TRY IT: Transcribe the listing exactly as written. Leave the images out.

DATA SEGMENT:
────────────────────────────────────────

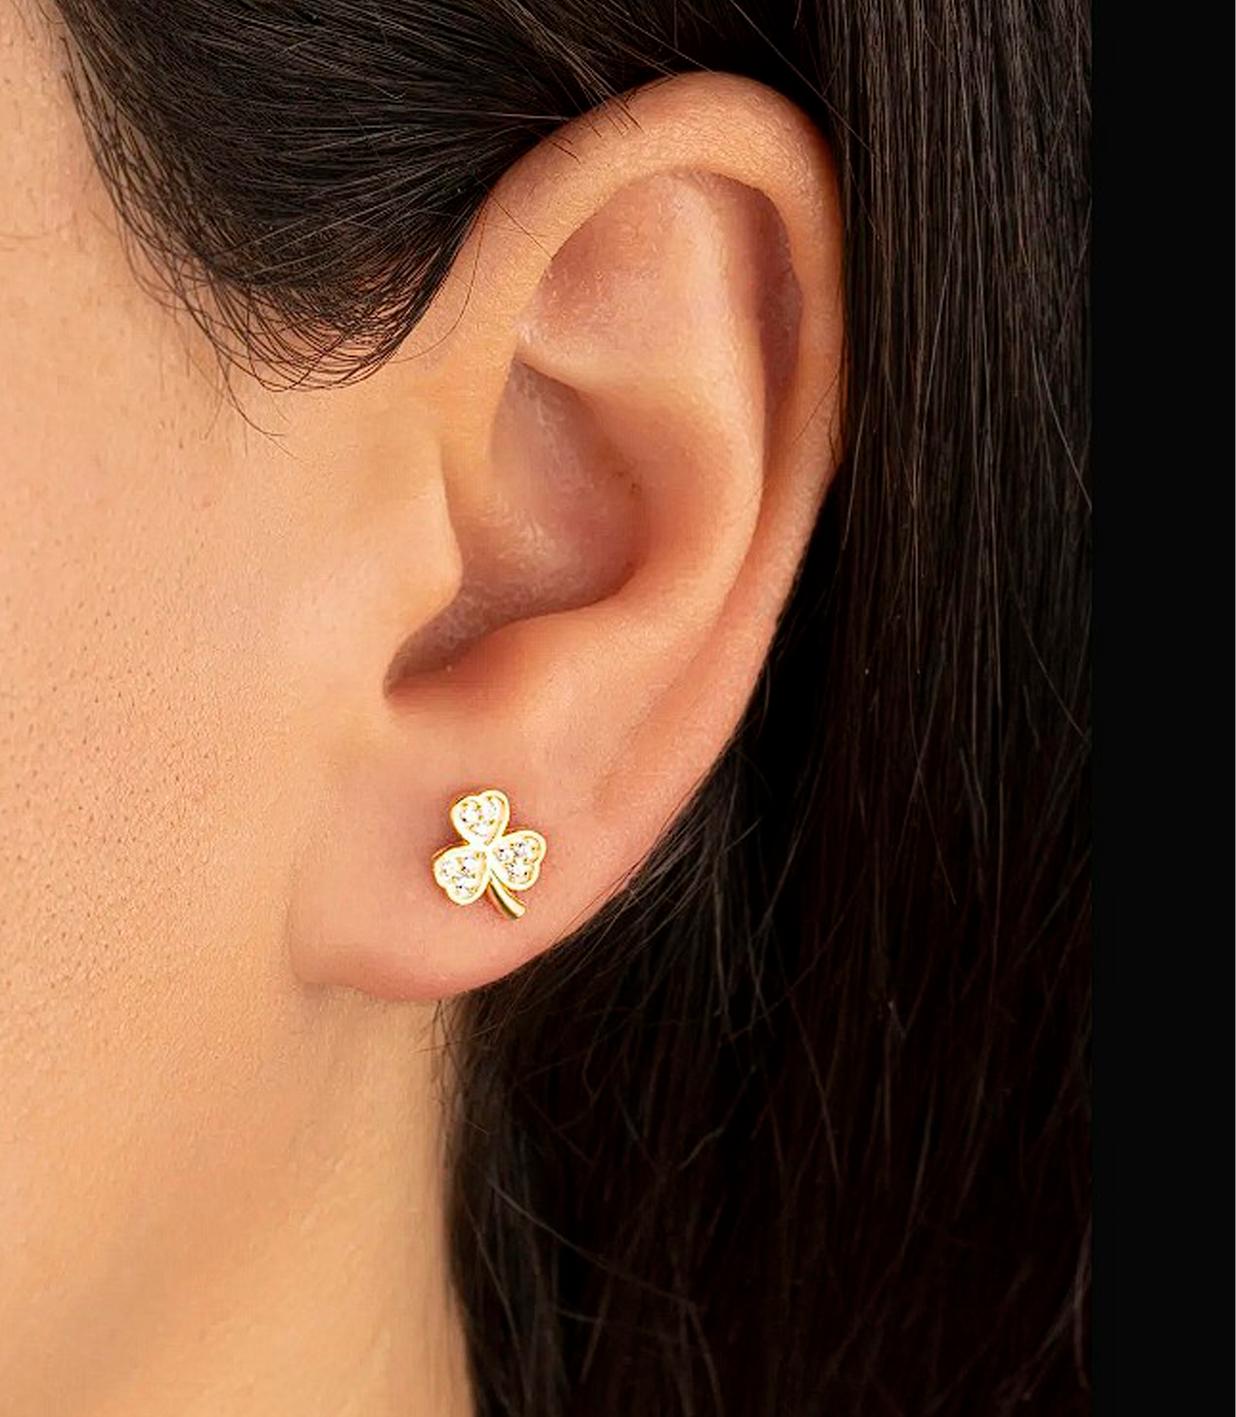 Modern Dainty 3 Petal Flower Stud Earrings.  For Sale
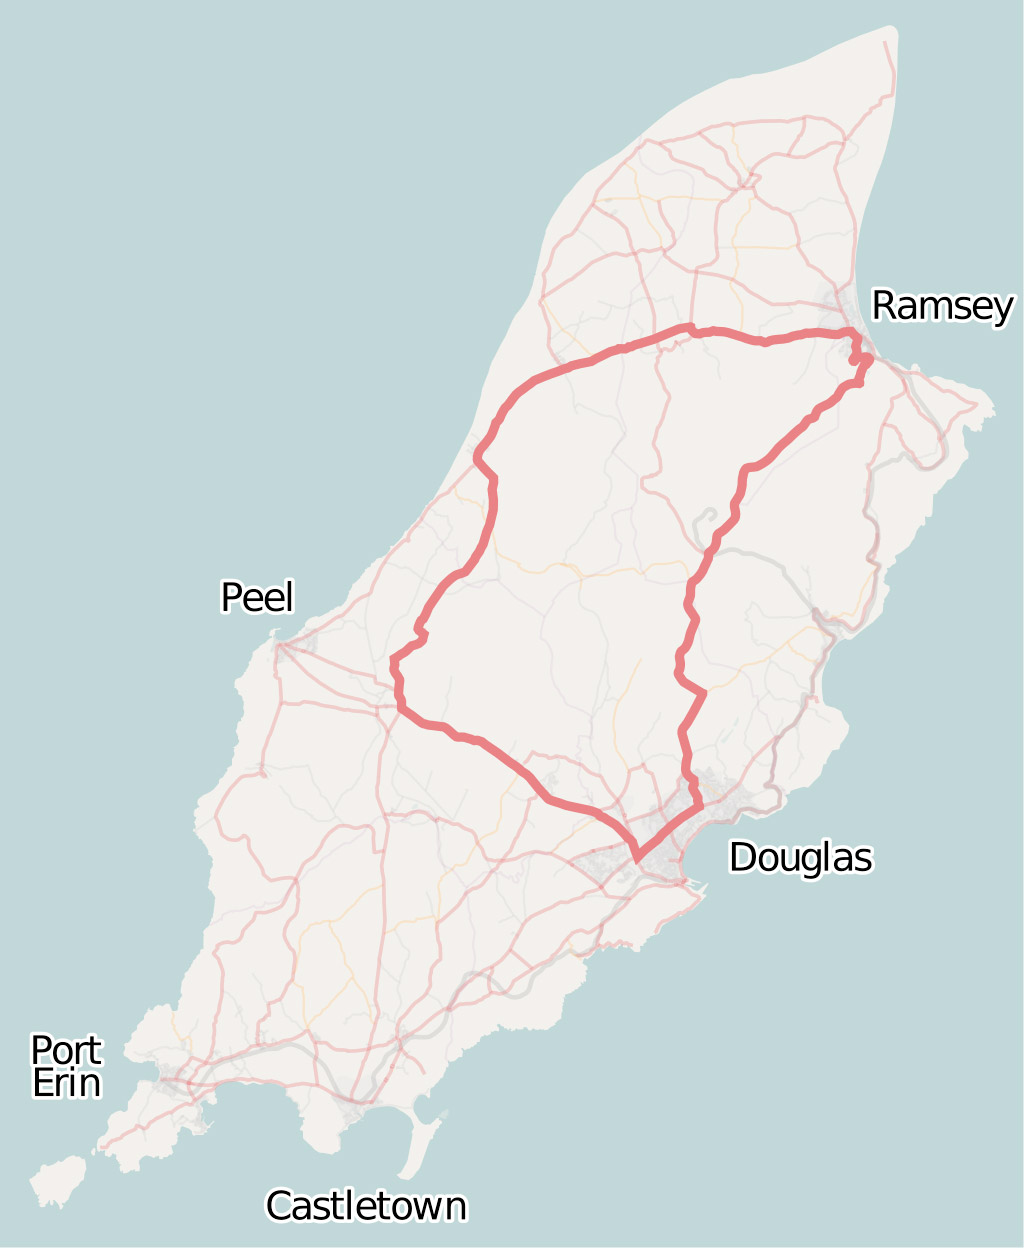 2015 Isle of Man TT (Tourist Trophy) - Corrida de moto mais
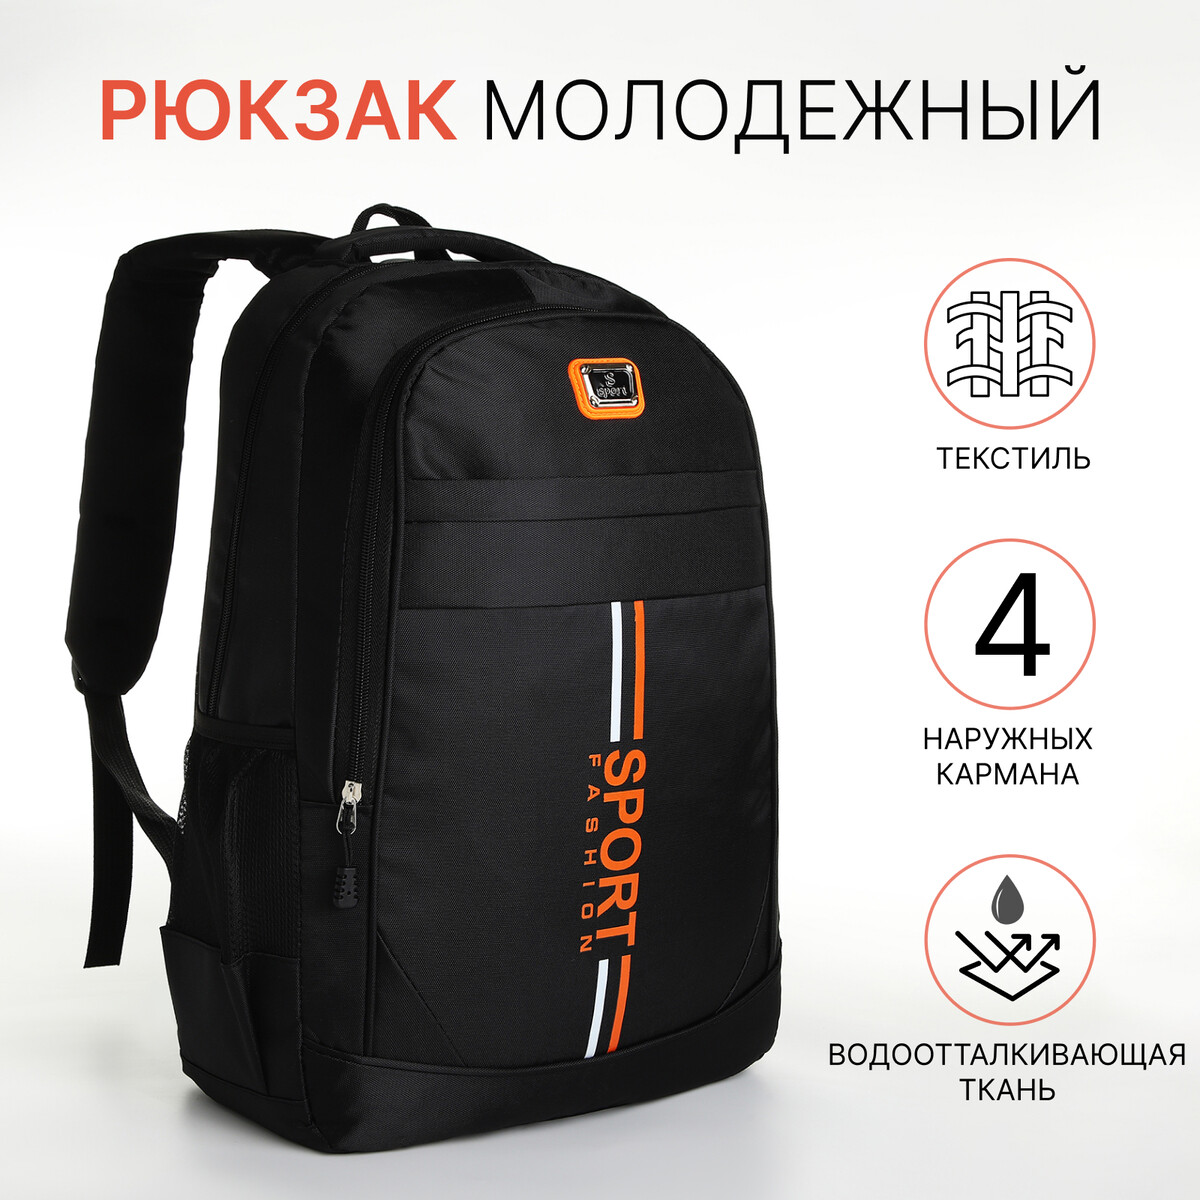 Рюкзак молодежный на молнии, 4 кармана, цвет черный/оранжевый рюкзак школьный из текстиля на молнии 4 кармана кошелек серый оранжевый

────────────────────────────────────────

THE COMPLETED TASK:
 Modern Dainty 3 Petal Flower Stud Earrings.  For Sale
 2015 Isle of Man TT (Tourist Trophy) - Corrida de moto mais
 Рюкзак молодежный на молнии, 4 кармана, цвет черный/оранжевый рюкзак школьный из текстиля на молнии 4 кармана кошелек серый оранжевый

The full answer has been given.